Management Research Review
Purpose – The purpose of this paper is to identify how employees feel about having more meetings and what can be done to improve employees’ feelings about their work meetings.
Design/methodology/approach – Data were obtained from three samples of working adults. The first was a convenience sample recruited by undergraduate students (n = 120), the second was a stratified random sample from a metropolitan area in the southern USA (n = 126), and the third was an internet-based panel sample (n = 402). Constant comparative analysis of responses to open-ended questions was used to investigate the overarching research questions.
Findings – It is found that employees enjoy meetings when they have a clear objective, and when important relevant information is shared. Consistent with conservation of resources theory, most employees are unhappy with meetings when they reduce their work-related resources (e.g. meetings constrain their time, lack structure and are unproductive).

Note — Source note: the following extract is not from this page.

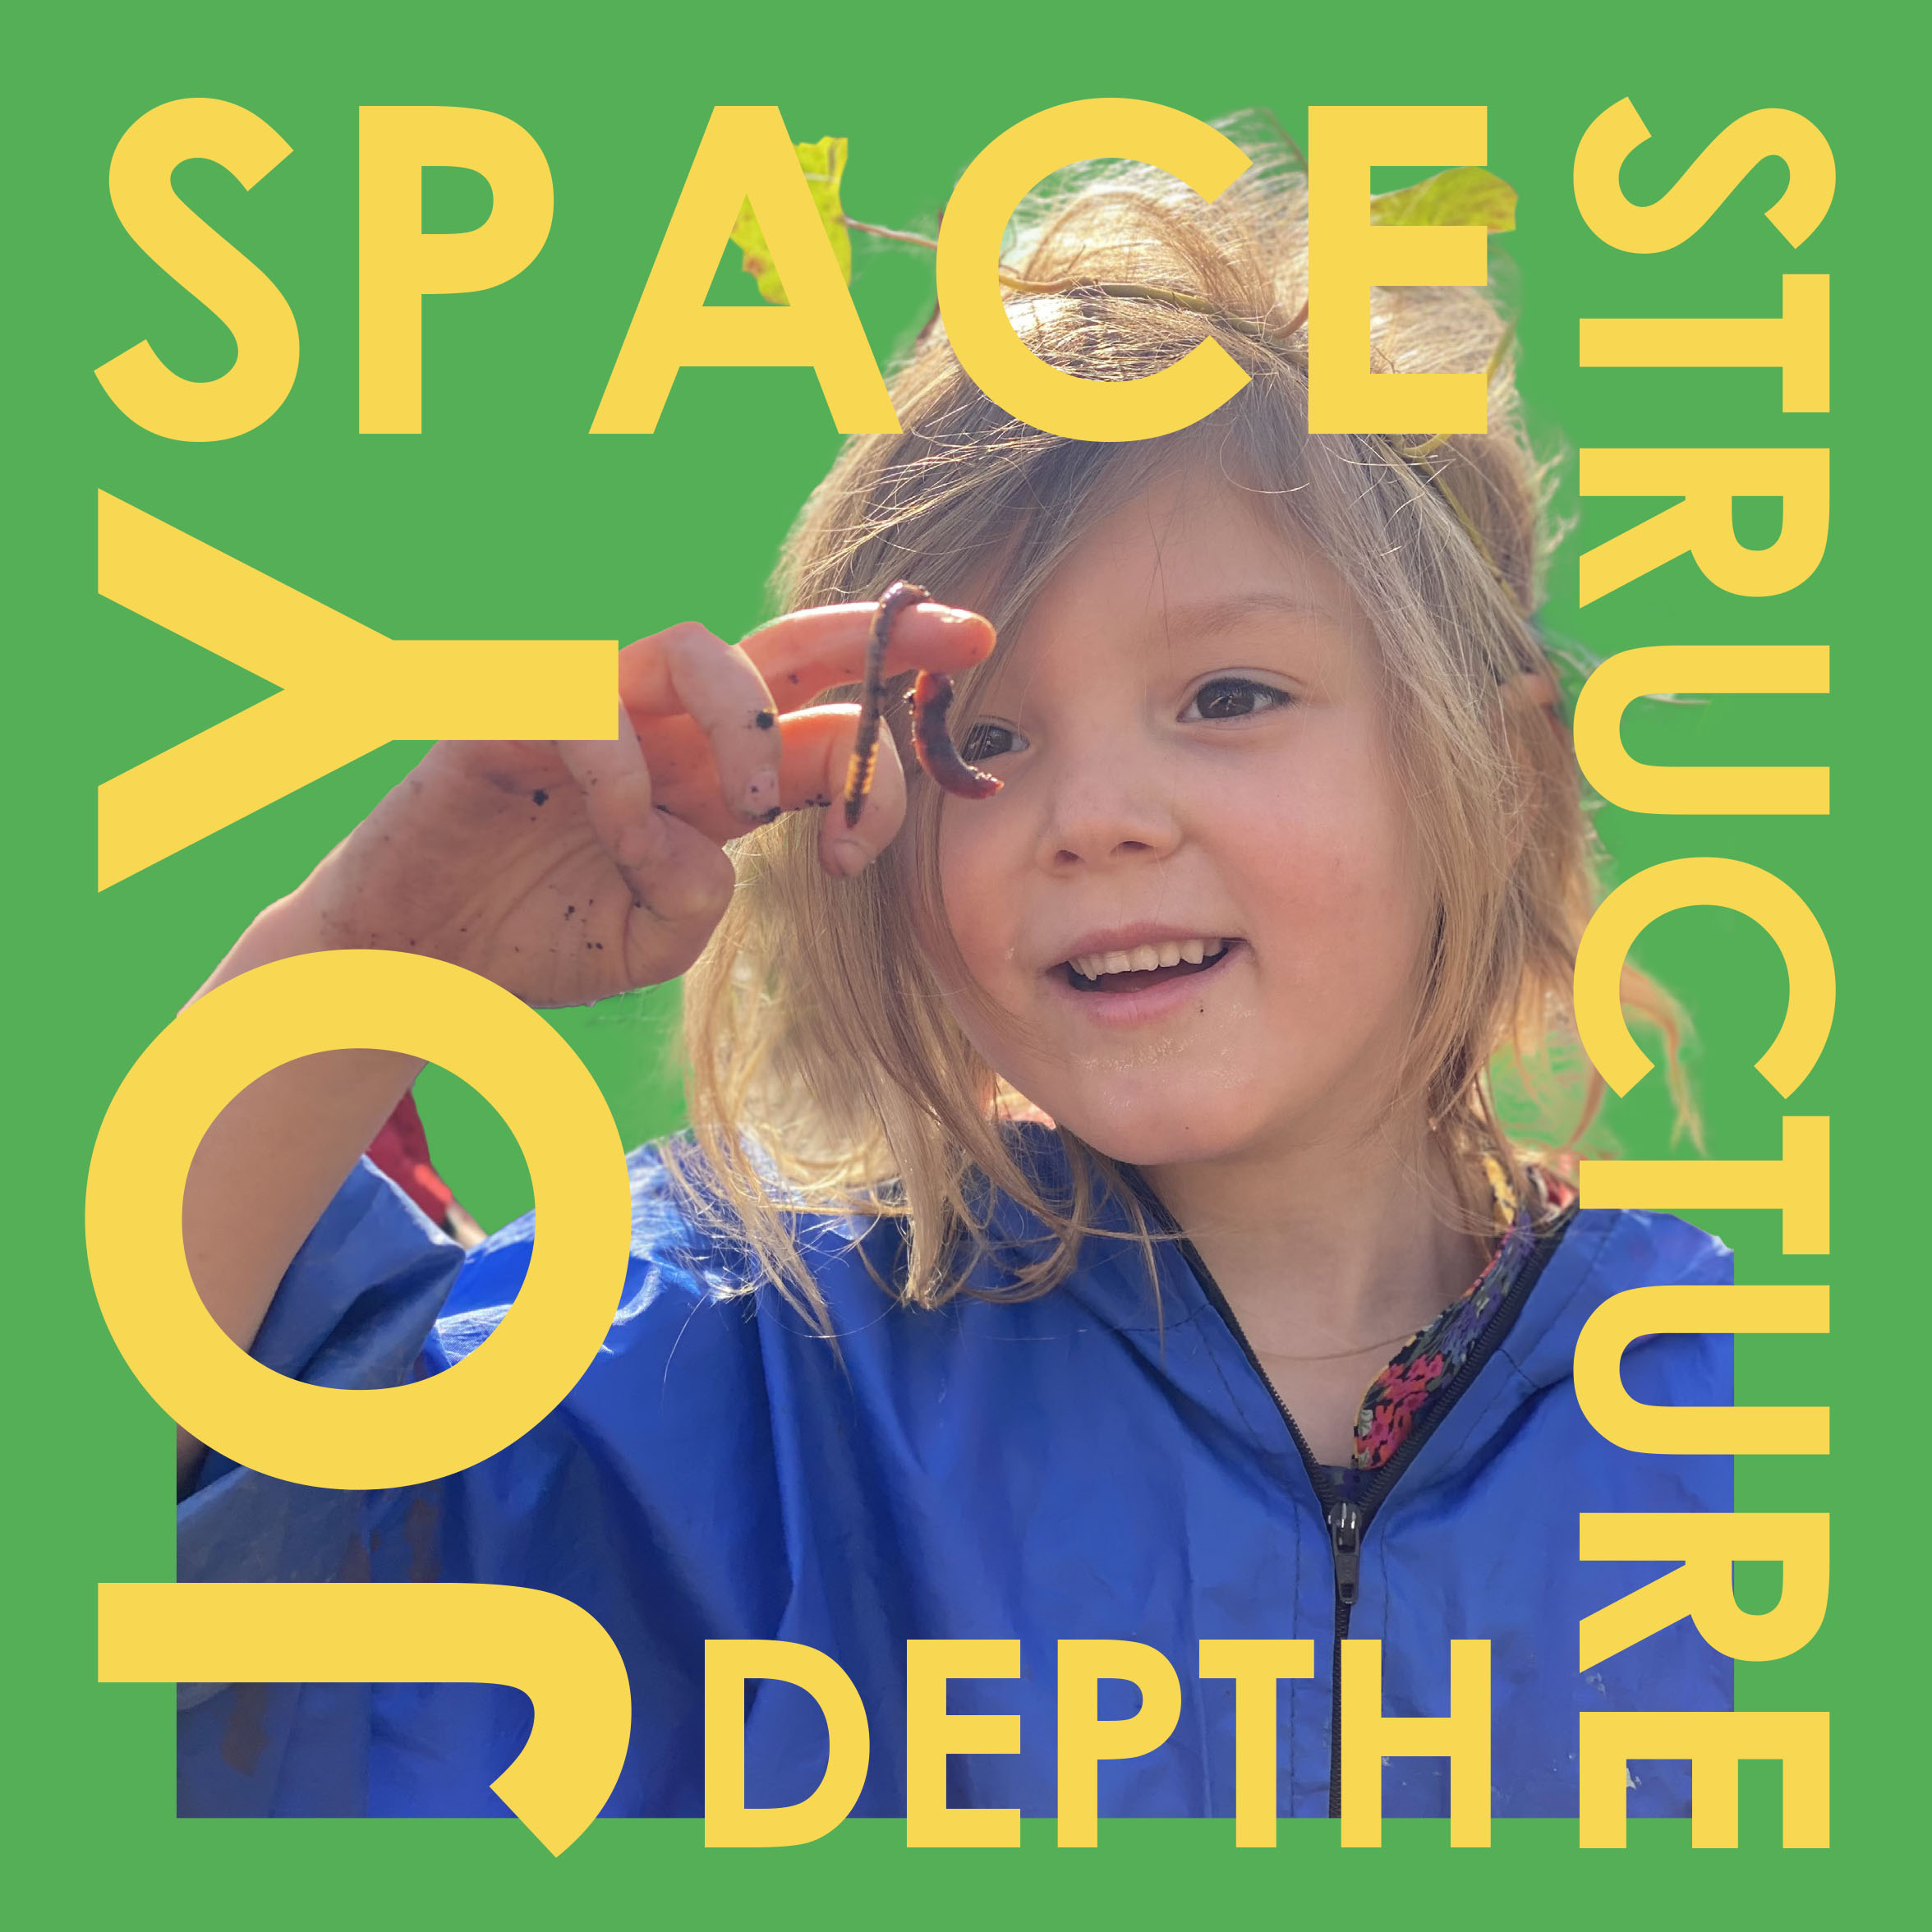 Student holding a worm and yellow text reading JOY SPACE STRUCTURE DEPTH

Practical implications – The data suggest that meetings appear to be both resource-draining and resource-supplying activities in the workplace. Researchers and managers should consider overtly asking about how people feel about meetings, as a means of identifying areas for future research inquiry and targets for improvement in the workplace generally.
Originality/value – The paper describes one of the few studies on meetings that ask the participants overtly what their feelings are regarding their workplace meetings. Additionally, the paper illustrates the usefulness of qualitative data analysis as a means for further understanding workplace activities viewing respondents as informants.
Keywords United States of America, Employees behaviour, Employees attitudes, Employees participation, Meetings, Meeting demands, Qualitative research, Thematic analysis
Allen, Joseph A.; Sands, Stephanie J.; Mueller, Stephanie L.; Frear, Katherine A.; Mudd, Mara; and Rogelberg, Steven G., "Employees’ feelings about more meetings: An overt analysis and recommendations for improving meetings" (2012). Psychology Faculty Publications. 95.